Clinical spine surgery
BACKGROUND: Although the incidence of spinal fusions has increased significantly in the United States over the last quarter century, national trends of anterior lumbar interbody fusion (ALIF) utilization are not known.PURPOSE: The objective of this study was to characterize trends, clinical characteristics, risk factors associated with, and outcomes of ALIF in the United States.STUDY DESIGN: This was an epidemiological study using national administrative data from the MarketScan database.METHODS: Using a large administrative database, we identified adults who underwent ALIF in the United States from 2007 to 2014. The incidence of ALIF was studied longitudinally over time and across geographic regions in the United States.

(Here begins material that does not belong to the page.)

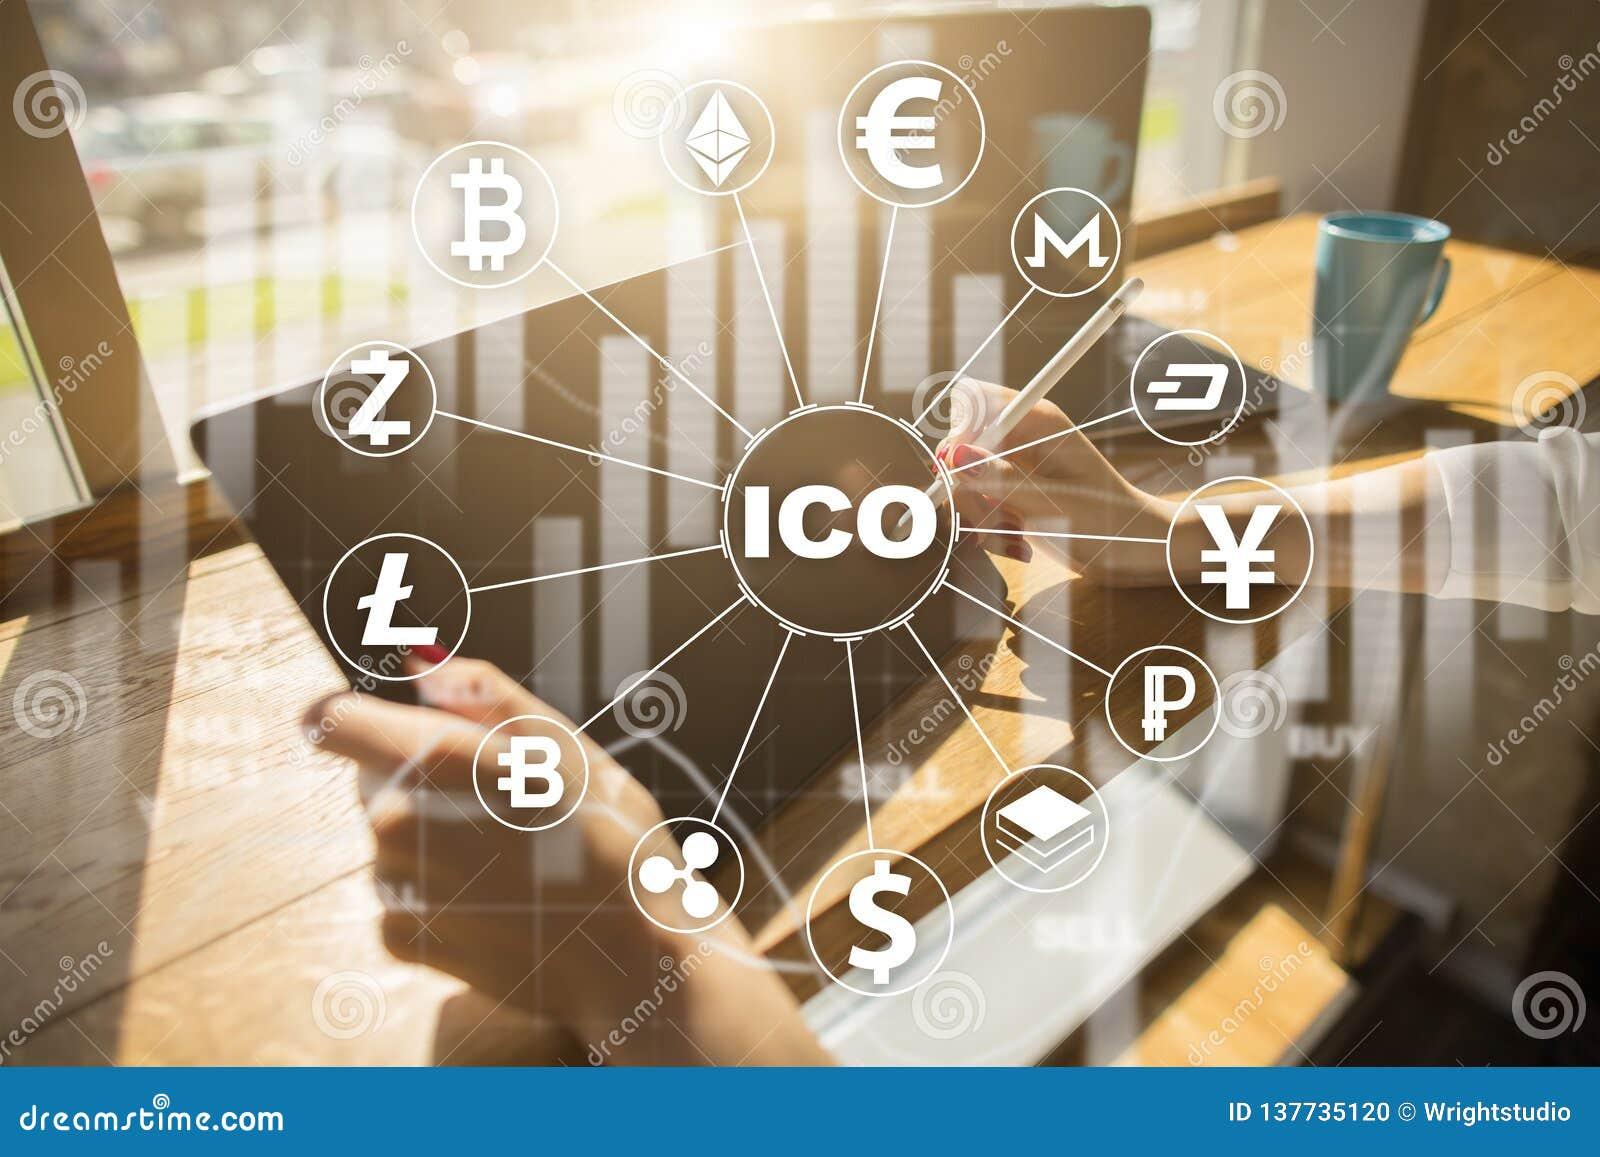 Binary coin ico
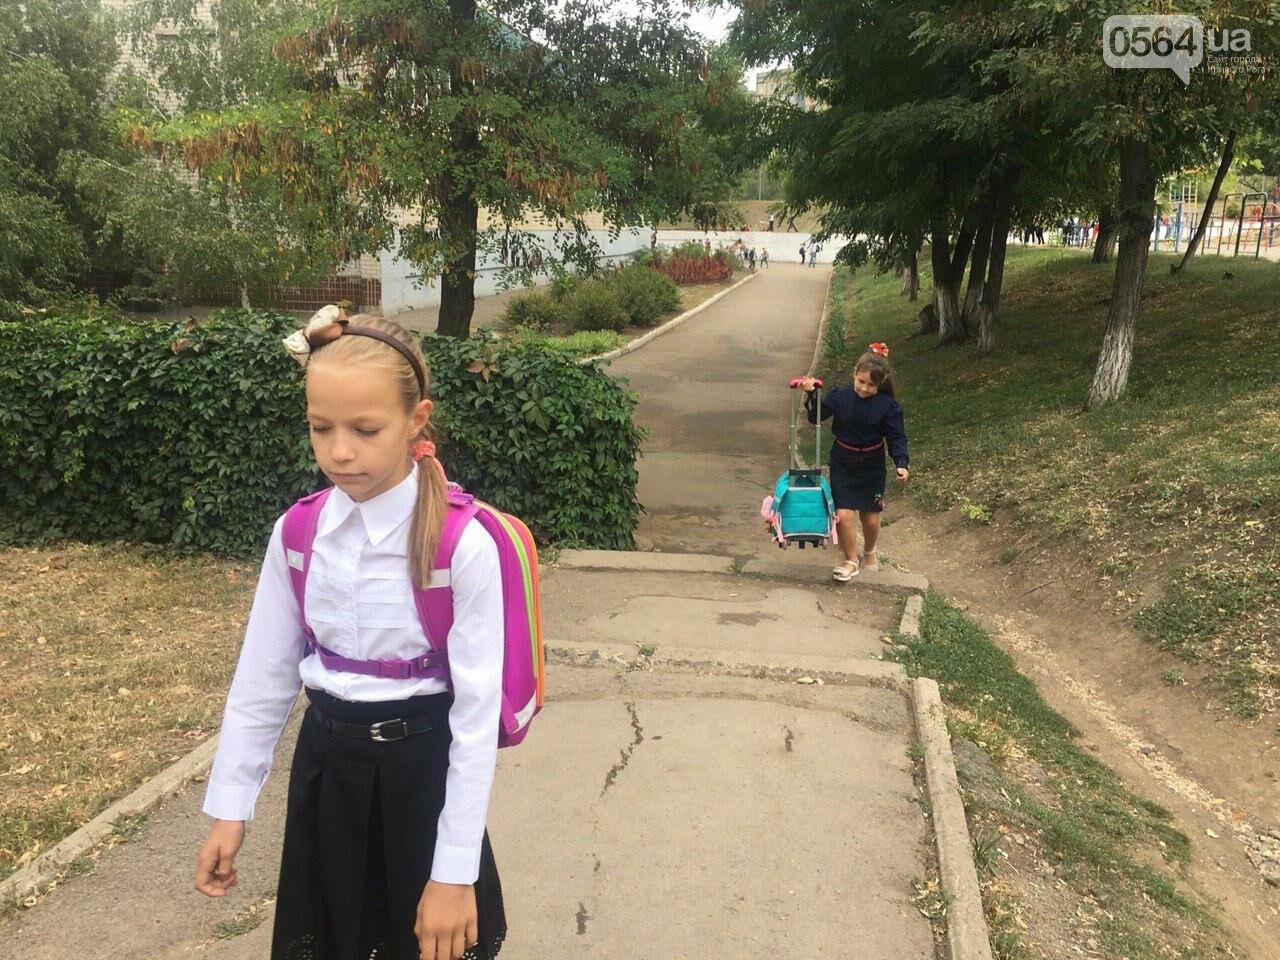 В одной из школ Кривого Рога из-за распыления неизвестного вещества срочно эвакуировали детей, - ФОТО, фото-16

Data related to postoperative complications, length of stay, readmission, and cost were collected.RESULTS: We identified 49,945 patients that underwent ALIF in the United States between 2007 and 2014. The total number of ALIF procedures increased from 3650 in 2007 to 6151 in 2014, accounting for an average increase of 24.07% annually. The Southern United States performed the highest number of ALIFs. The most common conditions treated were degenerative disc disease and spondylolisthesis. Over one third of patients (34.6%) underwent multilevel fusion. The most common complications were iron deficiency anemia, urinary tract infections, and pulmonary complications. Hospital and physician pay increased significantly during the study period.CONCLUSIONS: For the first time in our knowledge, we identified national trends in ALIF utilization, outcomes, and cost using a large administrative database. Our study reaffirms prior work that has demonstrated low rates of complications, mortality, and readmission following ALIF.LEVEL OF EVIDENCE: Level III.